WASHINGTON (AP) — The Education Department on Tuesday encouraged school districts to use more scrutiny to protect student privacy when using online educational services.

Online companies provide services such as the collection of school lunch money, portals for homework assignments and sites to watch video demonstrations. Concerns have been raised that private information collected by the companies could be shared publicly or used to market products and services to students or their families.

Districts often have contracts with companies, but online services also can be provided without a district's direct knowledge. For example, a teacher could direct students to a website to retrieve homework assignments without notifying school administrators.

A patchwork of laws spells out how students' data can be used, but the laws can be difficult for districts to interpret. Some privacy advocates say laws haven't kept up with evolving technology, and there's been a flurry of activity at the state and federal level to address the issue.

In guidance issued Tuesday, the Education Department encouraged districts to look closely at what online services are already in use within their schools. The guidelines suggest that districts develop procedures to evaluate and approve educational services and, when possible, use a written contract or legal agreement.
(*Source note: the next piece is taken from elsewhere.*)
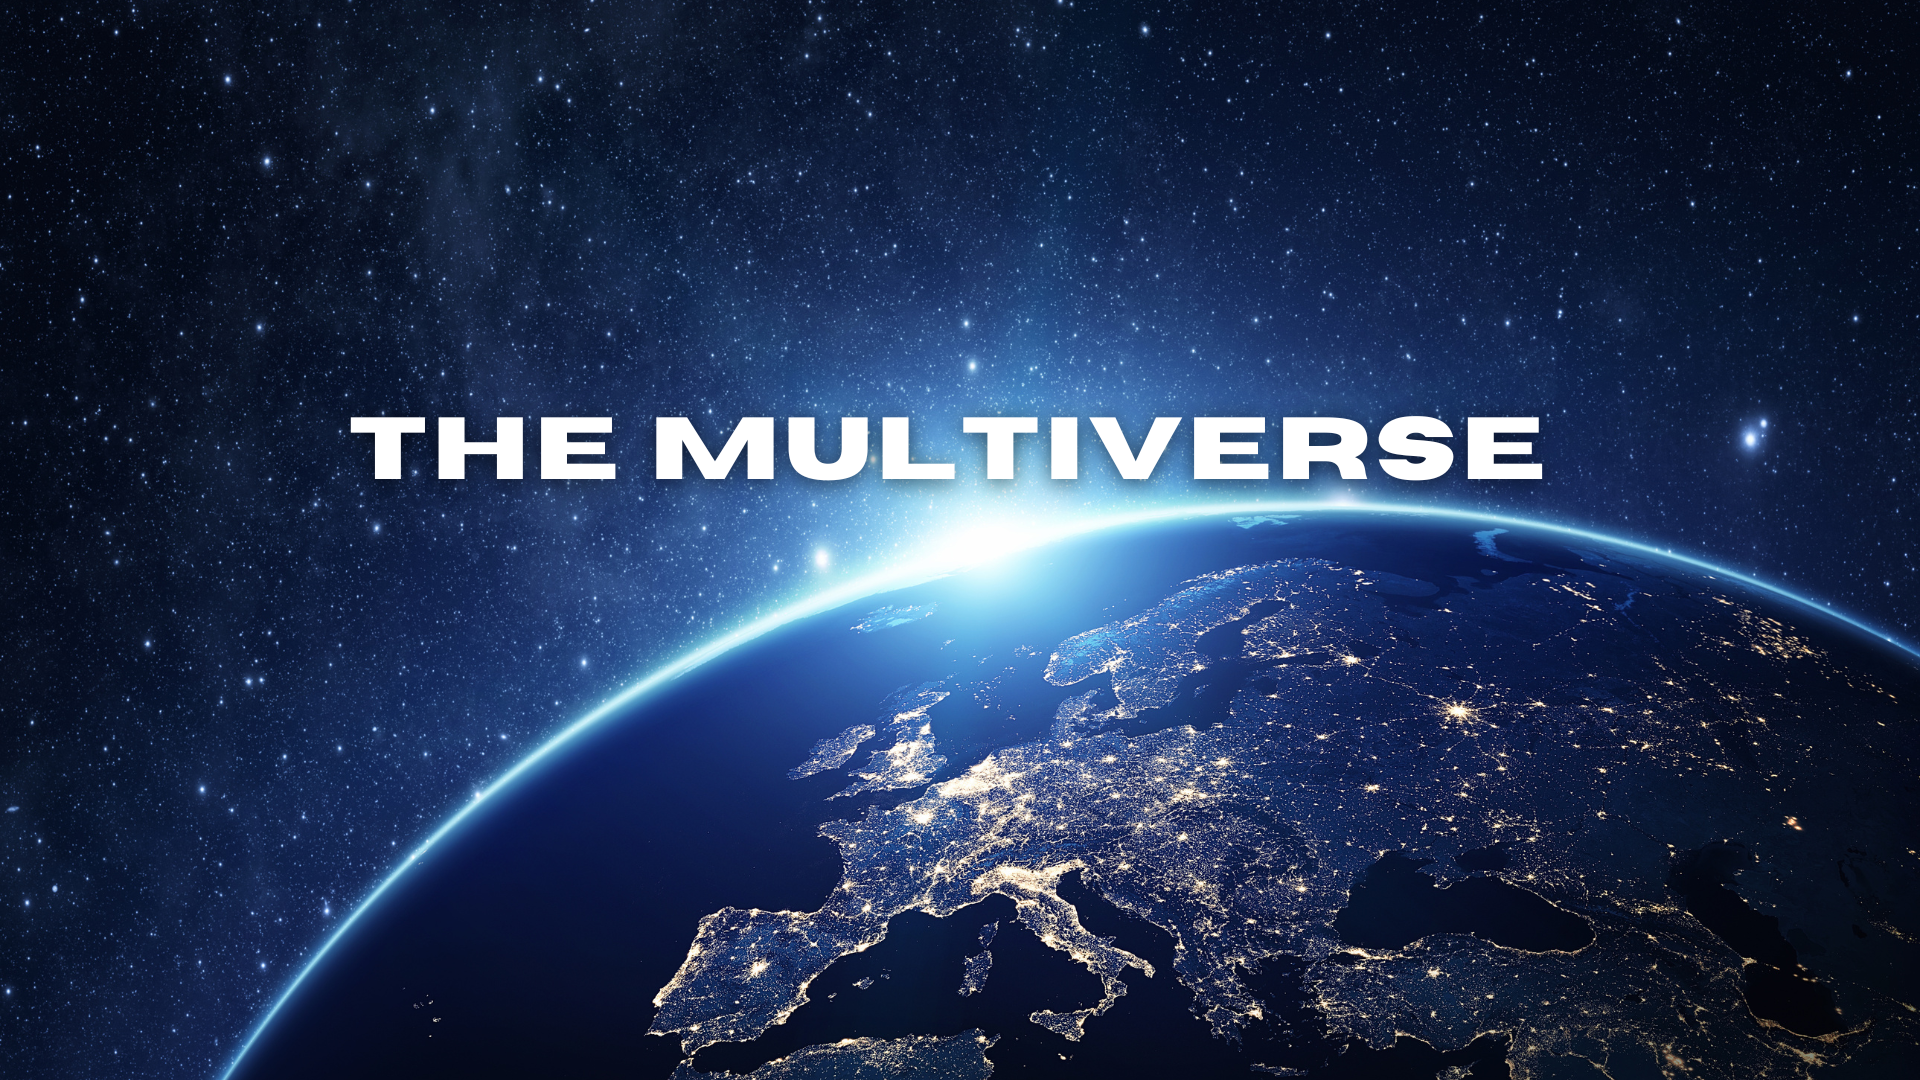 The Multiverse Theory

They also spell out applicable federal laws.

Douglas Levin, executive director of the State Educational Technology Directors Association, said the new guidance doesn't go far enough in providing applicable advice to districts. He said districts are dealing with complex questions, such as whether to take advantage of free educational programs available online and deciding what programs should be downloaded on tablets and other devices increasingly used in schools.

"I think if you are a district it is easy to be confused about what your obligations are," Levin said.

James Steyer, the chief officer of the advocacy group Common Sense Media, praised the recommendations and said they come at an important time as schools look for ways to expand learning using technology.

"It's still the wild, wild west out there, but it can be fixed," Steyer said.

The guidance comes one day after Education Secretary Arne Duncan spoke at a student privacy data conference and encouraged technology companies to do more to ensure student data is secure.

"There's plenty of energy, in this room and around the country, for stronger regulation of your work. Let me say this clearly: It is in your interest to police yourselves before other do," Duncan said.